There are two important points that realists make about power. First, power is a relational
concept; one does not exercise power in a vacuum but in relation to another entity. Second,
power is a relative concept; calculations need to be made not only about one’s own power
capabilities but also about the power that other states possess.
Survival is held to be a precondition for attaining all other goals, whether these involve conquest
or merely independence. Their guide must be an ethic of responsibility: the careful weighing of
consequences an the realization that individual immoral acts might need to be carried out for the
greater good. An ethic of responsibility is frequently used as a justification for breaking the laws
of war. The problem with this is that while instructing leaders to consider the consequences of
their actions, it does not provide a guide for how state leaders should weigh the consequences. Starting from the assumption that each state has its own particular values and beliefs, realists
argue that the state is the supreme good and there can be no community beyond borders.
The key difference between domestic and international order lies in their structure.
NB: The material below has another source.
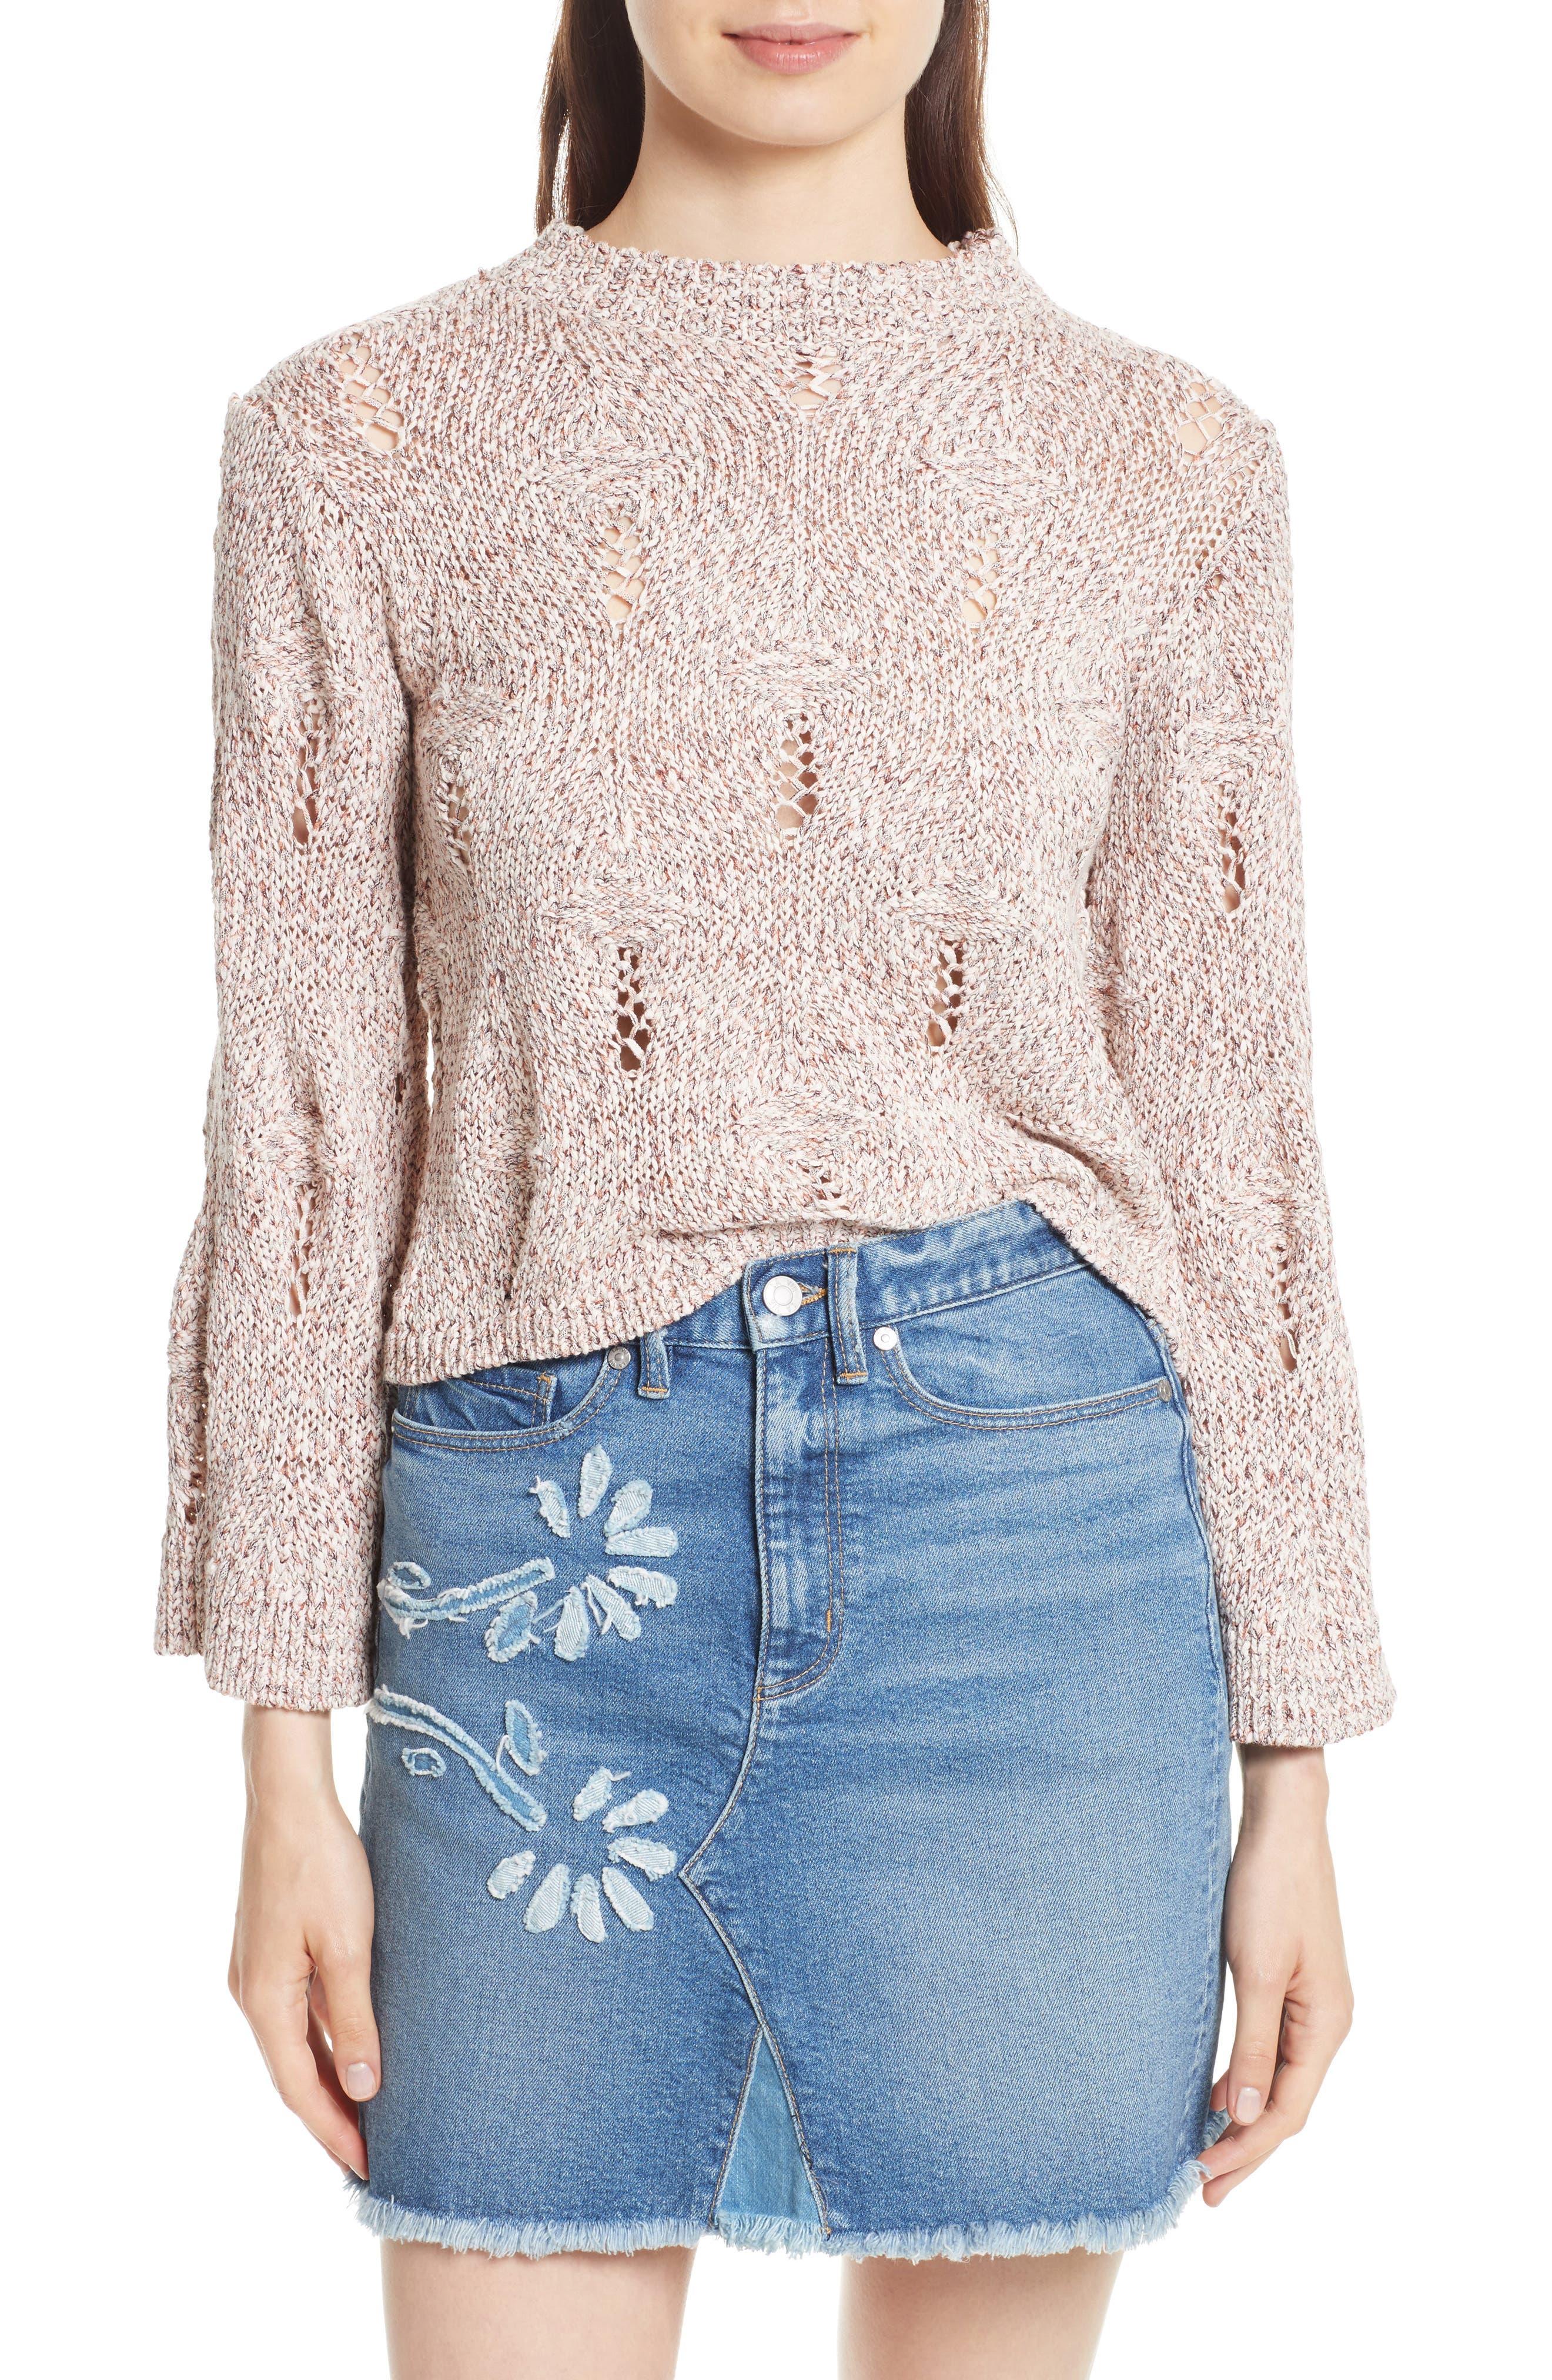 La Vie Rebecca Taylor Summer Ribbon Sweater

In the
domestic polity, citizens usually do not need to defend themselves. In the international system,
there is no higher authority, no global police officer, to prevent and counter the use of force.
Security can therefore be realized only through selfhelp.
Security dilemmas exist when the military preparations of one state create an irresolvable
uncertainty in the mind of another as to whether those preparations are for defensive purposes
only (to enhance its security in an uncertain world), or whether they are for offensive purposes
(to change the status quo to its advantage). This suggests that one state’s quest for security is
often another state’s source of insecurity.
In a selfhelp system, structural realists argue that the balance of power, or parity and stability
among competing powers, will emerge even in the absence of a conscious policy to maintain it.
In an anarchic system populated by states with leaders who seek to perpetuate themselves,
alliances will be formed that seek to check and balance the power against threatening states.
What the perennial collapsing of the balance of power demonstrates is that states are at best able
to mitigate the worst consequences of the security dilemma but are not able to escape it. The
reason for this terminal condition is the absence of trust in international relations. This comes
through Th. problem of coordinating the interests of the individual versus the interests of the
common good and the payoff between shortterm interests and longterm interests.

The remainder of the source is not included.